Our audit focused on COOP plan and information technology (IT) disaster recovery plan preparation, approval, and implementation for the period March 2005 through June 2005, including selected actions through August 2005, at the following Executive Branch agencies: the Department of Community Affairs (DCA), State Technology Office (STO), Department of Management Services (DMS), Department of Transportation (DOT), Department of Health (DOH), Department of Agriculture and Consumer Services (DACS), Department of Business and Professional Regulation (DBPR), Department of State (DOS), and Department of Citrus (Citrus). We also evaluated the Division’s progress with providing State agencies guidance for preparing and implementing their COOP and IT disaster recovery plans and the process used by the Division to approve the State agency COOP plans as required by Florida law[5].
The results of our audit are summarized below:
Finding No. 1: COOP plans prepared by Executive Branch agencies and submitted to the Division for approval did not in all instances meet the requirements outlined in Florida law or the Division’s COOP Implementation Guidance and not all plans had been approved as of August 2005.
Finding No. 2: Division procedures to ensure that State agency IT disaster recovery plans are complete and viable needed improvement.
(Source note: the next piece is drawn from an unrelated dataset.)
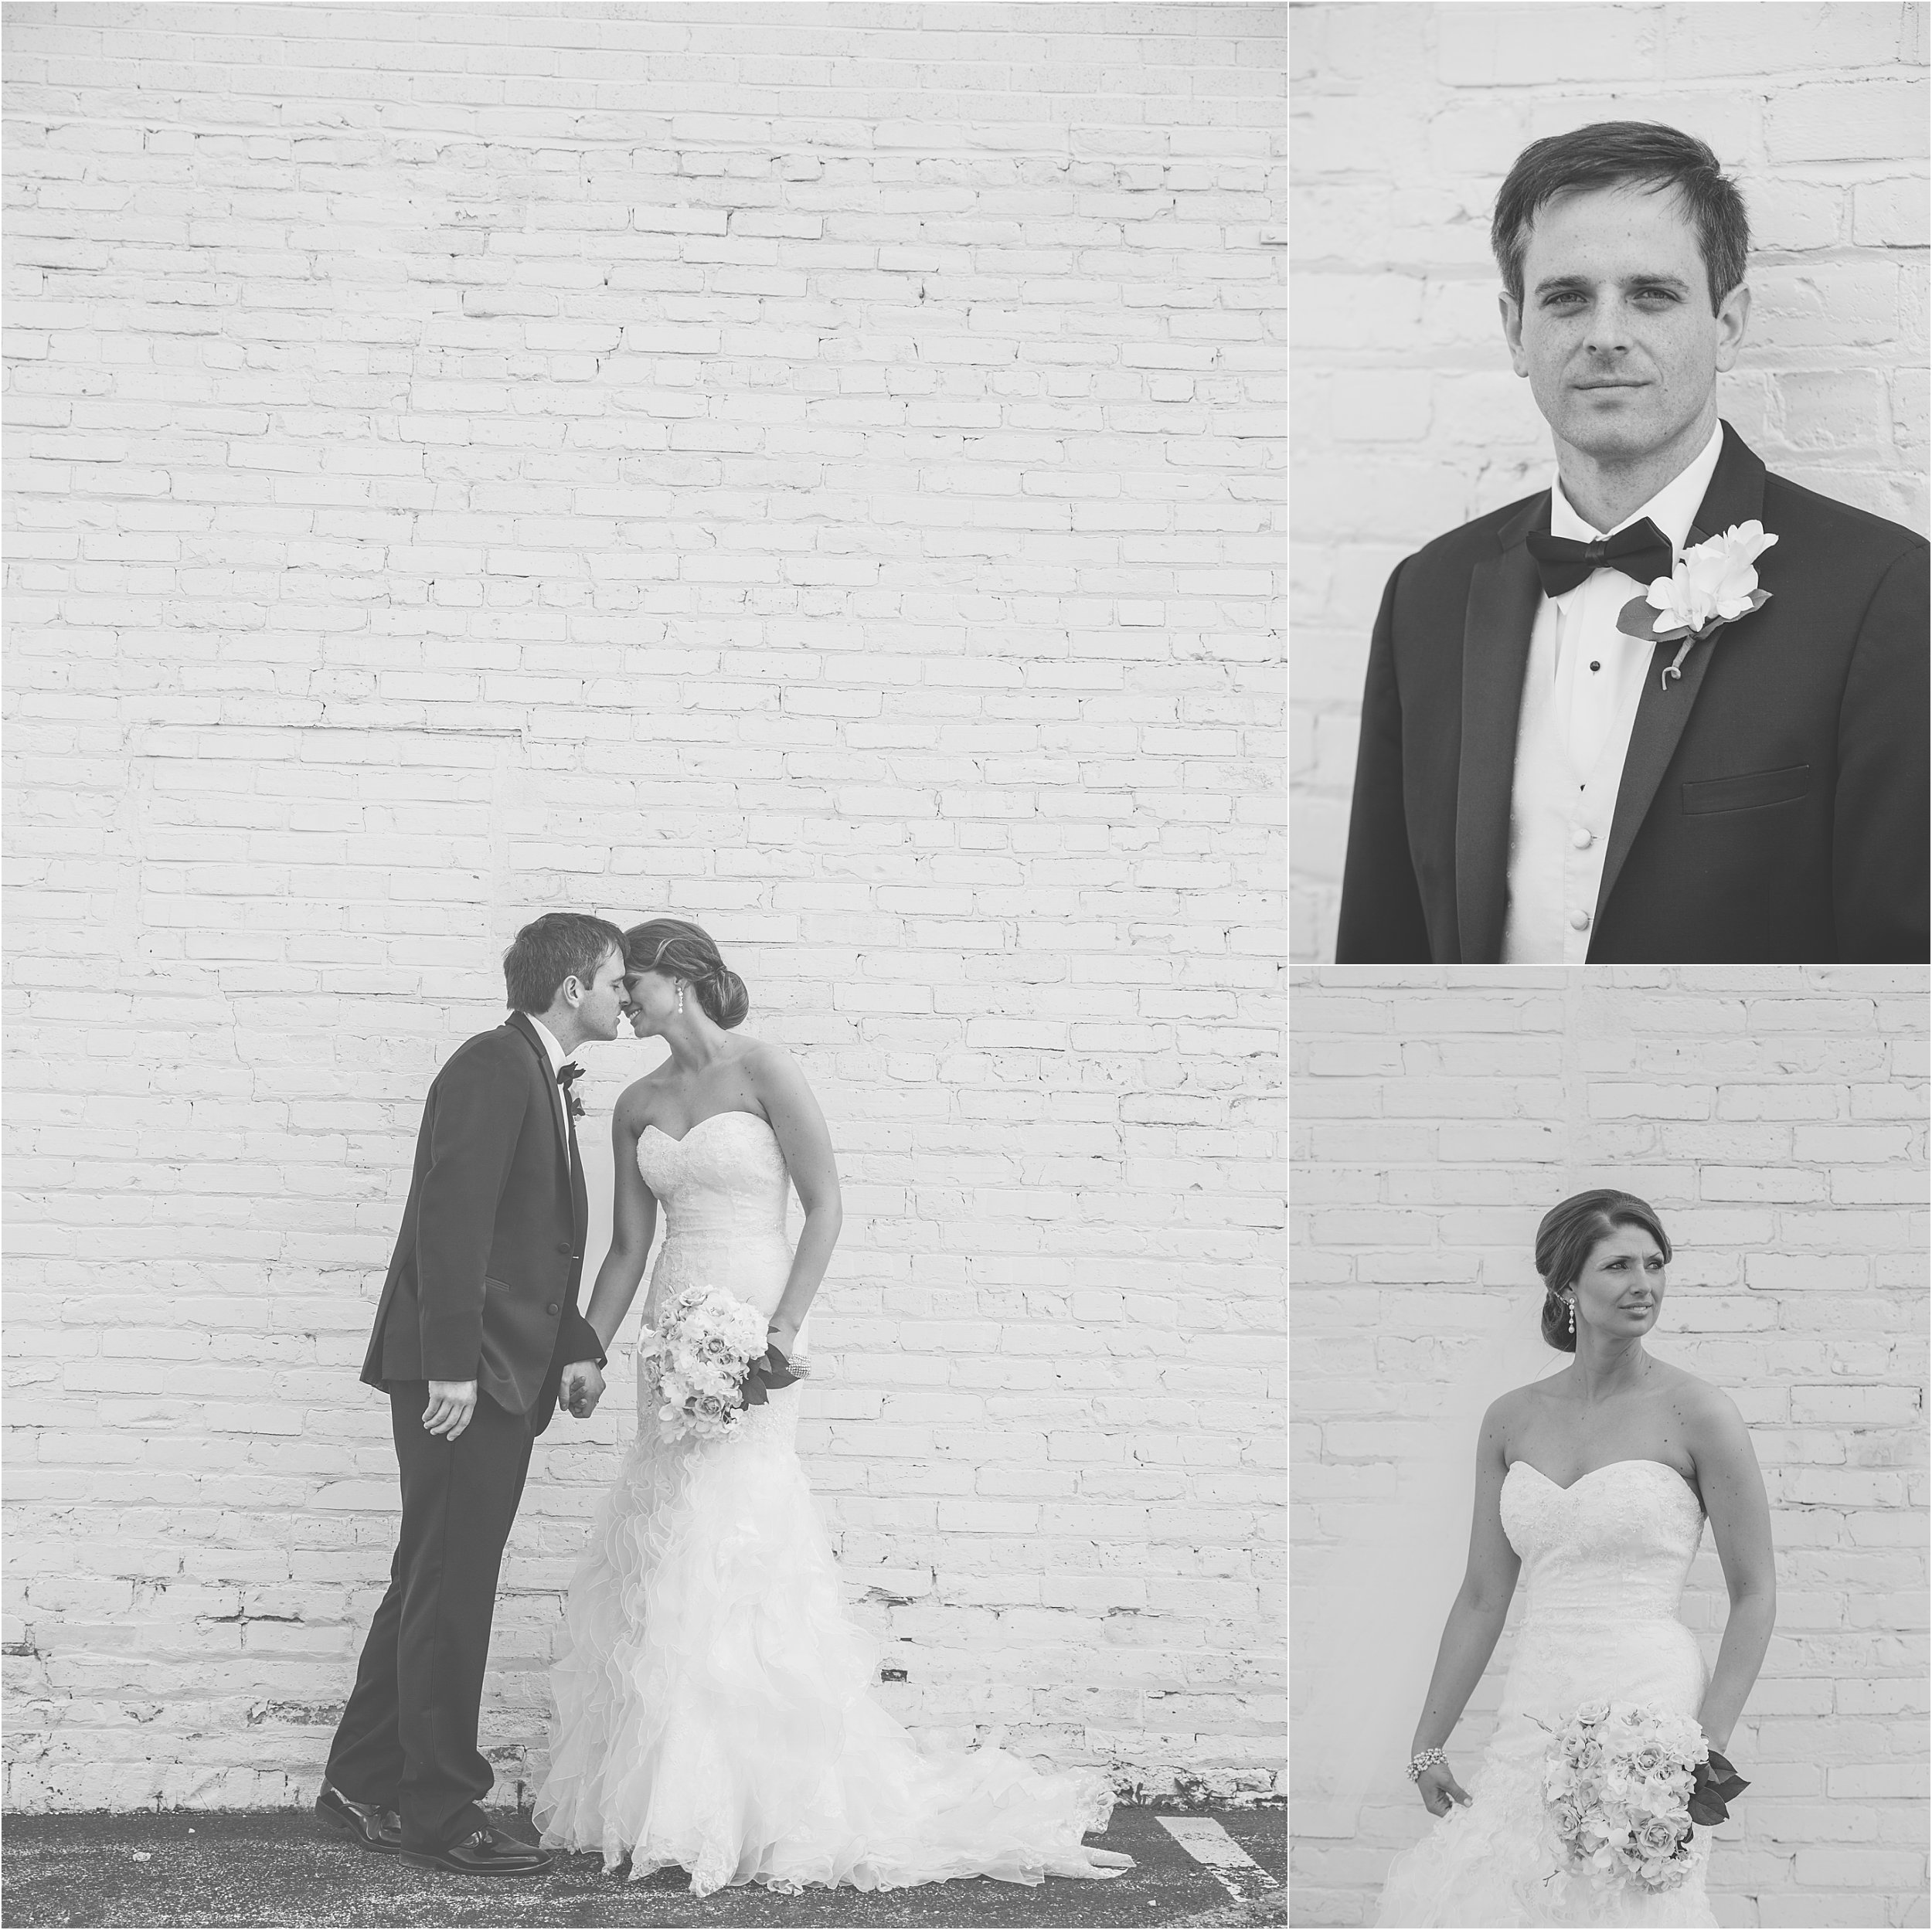 20-bride-groom-brick-wall-kissing.JPG

Not all agency plan testing had been completed or performed annually as of June 2005, and some agency plans lacked evidence of being updated since the original version was prepared.
Finding No. 3: Division procedures for providing guidance and approval of State agency COOP and IT disaster recovery plans needed improvement.
Finding No. 4: Division COOP Implementation Guidance concerning the Division’s periodic review of the State agency COOP plans needed clarification, and the periodic review was not addressed in existing Florida law.
Finding No. 5: Distribution controls protecting the nonpublic contents of COOP and IT disaster recovery plans needed improvement.
[1] Section 20.18(2)(a), Florida
Statutes
[2] Section 252.35, Florida
Statutes
[3] Section 252.365, Florida
Statutes
[4] Section 252.365, Florida
Statutes
[5] Section 252.365, Florida
Statutes
The heads of the applicable agencies provided responses to our preliminary and tentative findings. These letters are included at the end of this report.